Под чинарой, на одной из плоских каменных глыб, завернувшись в бежевый чекмень, с громадной чалмой на голове, как птица, сидел старый ишан и неторопливо перебирал четки. Непрестанно и молча. Он будто бы охранял тряпки и рога, но Махсудов отлично понимал, что куда больше, чем эти знаки паломничества, ишана занимали подношения — жирные, специально откормленные для этого бараны и пернатые, а также — шелестящие червонцы. Дары! Чем они были крупнее, тем сильнее разрастались и надежды просящих. А ишан перебирал свои четки, прикрыв глаза…
— Как его зовут?
— Салахитдин-ишан.
Много было вокруг — и в зеленых долинах, и в песчаных пустынях — таких вот ишанов, шейхов и святых мест! Учителей мало…

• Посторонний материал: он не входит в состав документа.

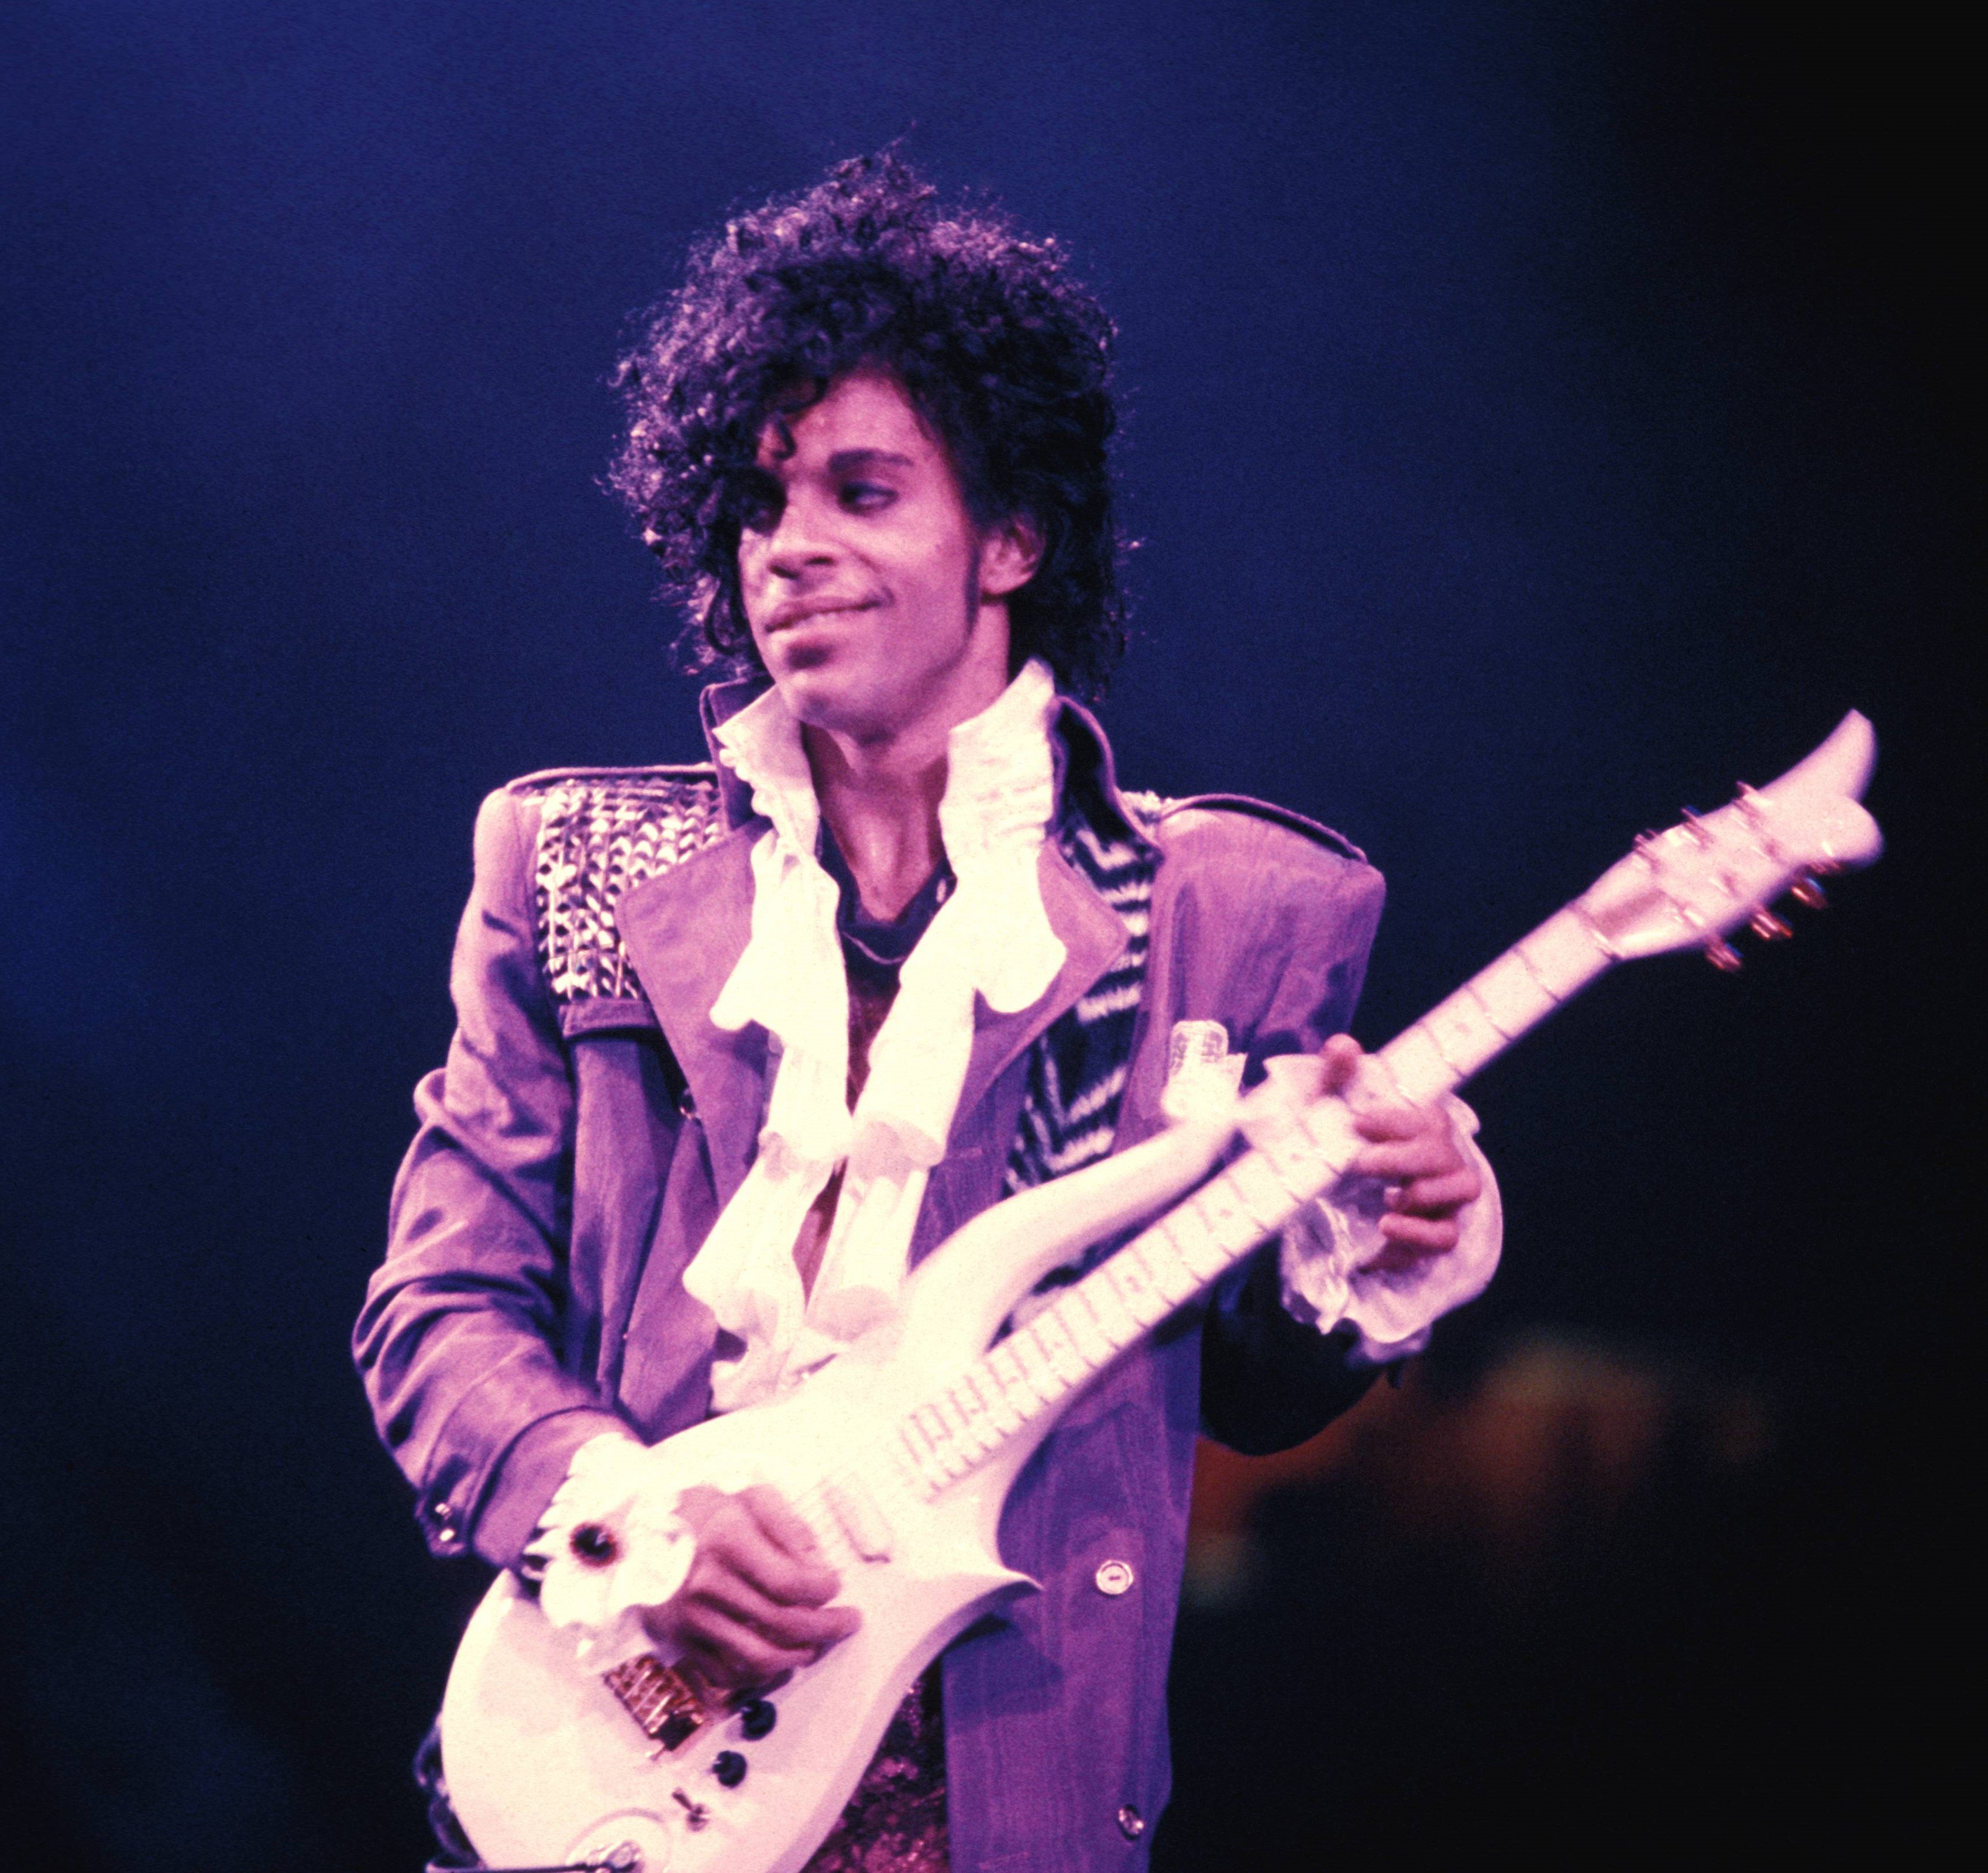 "Raspberry Beret" singer Prince wearing purple

Ходжикентская школа занимала байские дома, к которым и шли Махсудов и Саттаров, оставив своих лошадей у сельсовета. Саттаров сказал, что сад, убегающий в обе стороны и к горам, с яблонями и виноградниками, принадлежал самому богатому человеку в кишлаке Нарходжабаю и конфискован в пользу народа. Но бедняки еще не рисковали проникать в байские постройки с внутренними и внешними дворами, которые виднелись за дувалом, хотя уже не первый год под солнцем, каждый день выплывающим из-за гор и повисающим над ними в своем ослепительном сиянии, утверждалась новая жизнь.
Земли бая, протянувшиеся от районного центра — Газалкента — до кишлака Юсупхана, изрезанные многими дорогами и арыками — канавами для воды, распределили между бедными крестьянами, и они сразу начали обрабатывать их, пошли в поля, вскинув на плечи кетмени. Еще бы! Земля — это хлеб. Теперь вот объединились в товарищество, чтобы помогать друг другу…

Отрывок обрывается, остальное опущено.